Type 2 diabetes (T2DM) is most often treated as a chronic progressive condition. However, both clinical experience and scientific studies have shown that remission indicated by a normalizing of blood glucose levels and safe medication reduction through lifestyle change should be considered an achievable clinical outcome for patients with T2DM. Dietary interventions that include therapeutic levels of carbohydrate reduction can be used by clinicians to help patients reach this goal, as evidenced by clinical experience and clinical trials; however, many clinicians and allied healthcare providers have not been trained in how to administer these therapies. This article demonstrates the successful implementation of therapeutic carbohydrate reduction for T2DM in an inpatient setting through the institutional example of a small, rural hospital in the U.S. It provides definitions for therapeutic carbohydrate reduction and a rationale for its use in an inpatient setting in patients who present with T2DM. The article outlines a seven-stage protocol developed from practice-based evidence to be used in an inpatient setting to minimize the requirement for insulin or other hypoglycemic medications and to normalize markers of T2DM in patients with this condition. The protocol consists of: 1) patient selection; 2) pre-diet evaluation and counseling; 3) patient education; 4) initiating the dietary intervention; 5) managing medication changes; 6) addressing any side effects; and 7) follow-up. This protocol serves as an initial framework for developing clinical practice guidelines and a standard of care for using carbohydrate reduction as an intervention for T2DM and related conditions in an inpatient setting. It also indicates the potential for providing clinicians with the opportunity to help patients put T2DM into remission, rather than just manage its progression. A Clinician’s Guide to Inpatient Low-Carbohydrate Diets for Remission of Type 2 Diabetes: Toward a Standard of Care Protocol.


Quote:
Conclusion

Low-carbohydrate diets are not a new intervention for treatment of T2DM. A textbook published in 1877 indicates that carbohydrate reduction is the preferred treatment for patients with diabetes: “There are few diseases which present to the practitioner so clear an indication of what is to be done...a Diabetic should exclude all saccharine [sugary] and farinaceous [starchy] materials from his diet” [51]. Leading endocrine societies are now rediscovering this treatment.
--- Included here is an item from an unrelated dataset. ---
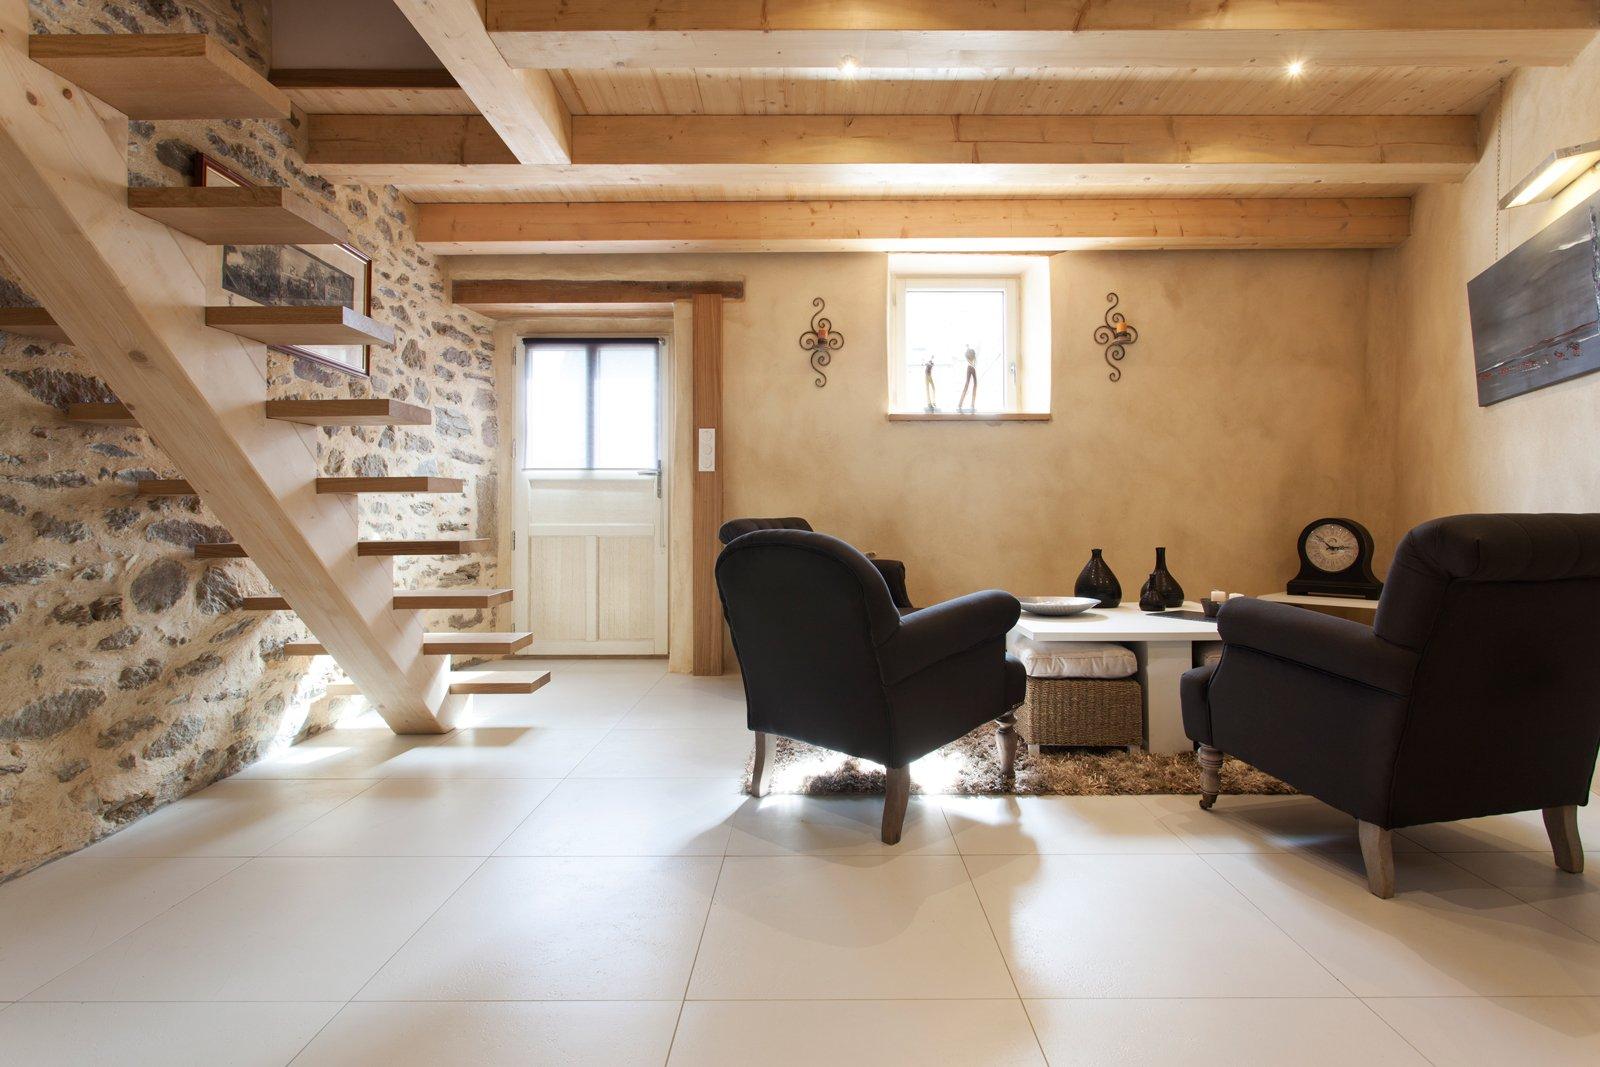 gres porcellanato ceramica italiana di qualit nelle case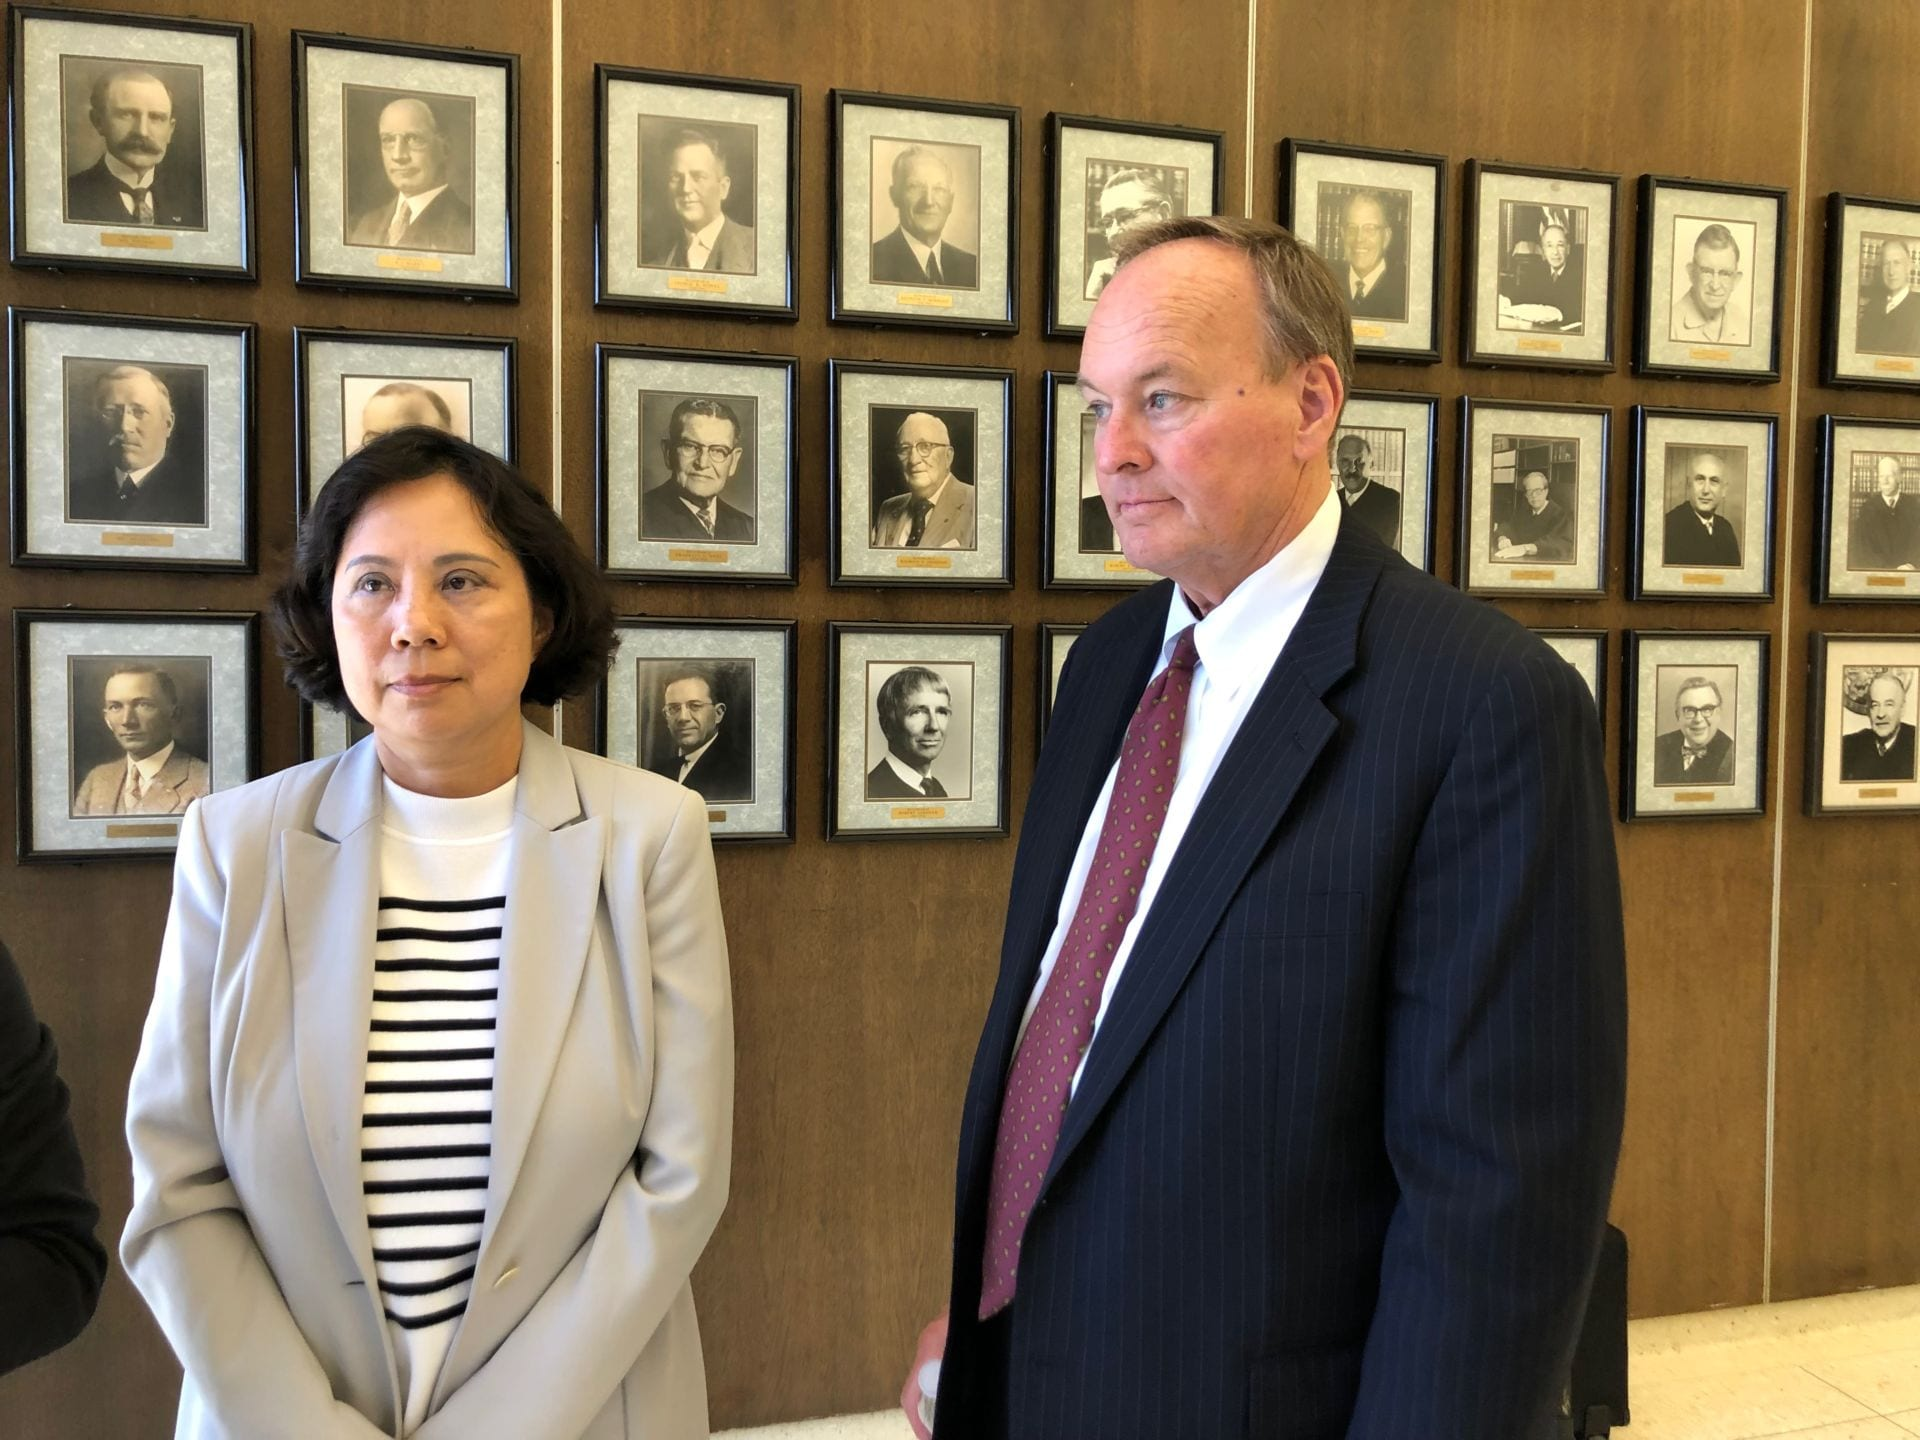 Tòa thượng thẩm California: bà Holly Ngô có tội vu khống có ác ý với BPSOS

The American Diabetes Association’s (ADA) October 2018 joint position statement with the European Association for the Study of Diabetes (EASD) approved use of a low-carbohydrate diet as Medical Nutrition Therapy (MNT) for adults with T2DM [52]. The ADA’s recently released Standards of Medical Care in Diabetes—2019 includes in its lifestyle management guidance the use of low-carbohydrate diets as nutrition therapy, reflecting the organization’s emphasizes on a patient-centered, individualized approach [53]. The ADA and the EASD both recognize that LCK diets can be a safe, effective way for people diagnosed with T2DM or prediabetes to normalize HbA1c levels while lowering medication therapy, reducing the risk of hypoglycemia or other adverse medication effects, and assisting in weight loss. In this review, we highlight recent trials on the topic but more importantly provide clinicians with guidance for implementing this kind of dietary intervention in their own hospitals or clinics. In providing of a clinical protocol for using a LCK dietary intervention, this article offers the foundations for a shared language for clinicians to use in discussing and comparing interventions, improving protocols, and managing shared concerns. We do not expect this guidance to provide a “one-size-fits-all” approach to care; rather we expect that knowledge gained from the clinical experiences of others will inform a continued improvement in how lowcarbohydrate dietary interventions are used to treat patients. We do, however, anticipate a necessary change in how we discuss the course and treatment of T2DM with patients. With a simple, safe, effective dietary intervention, we can change the conversation around T2DM from one of progression to one of remission.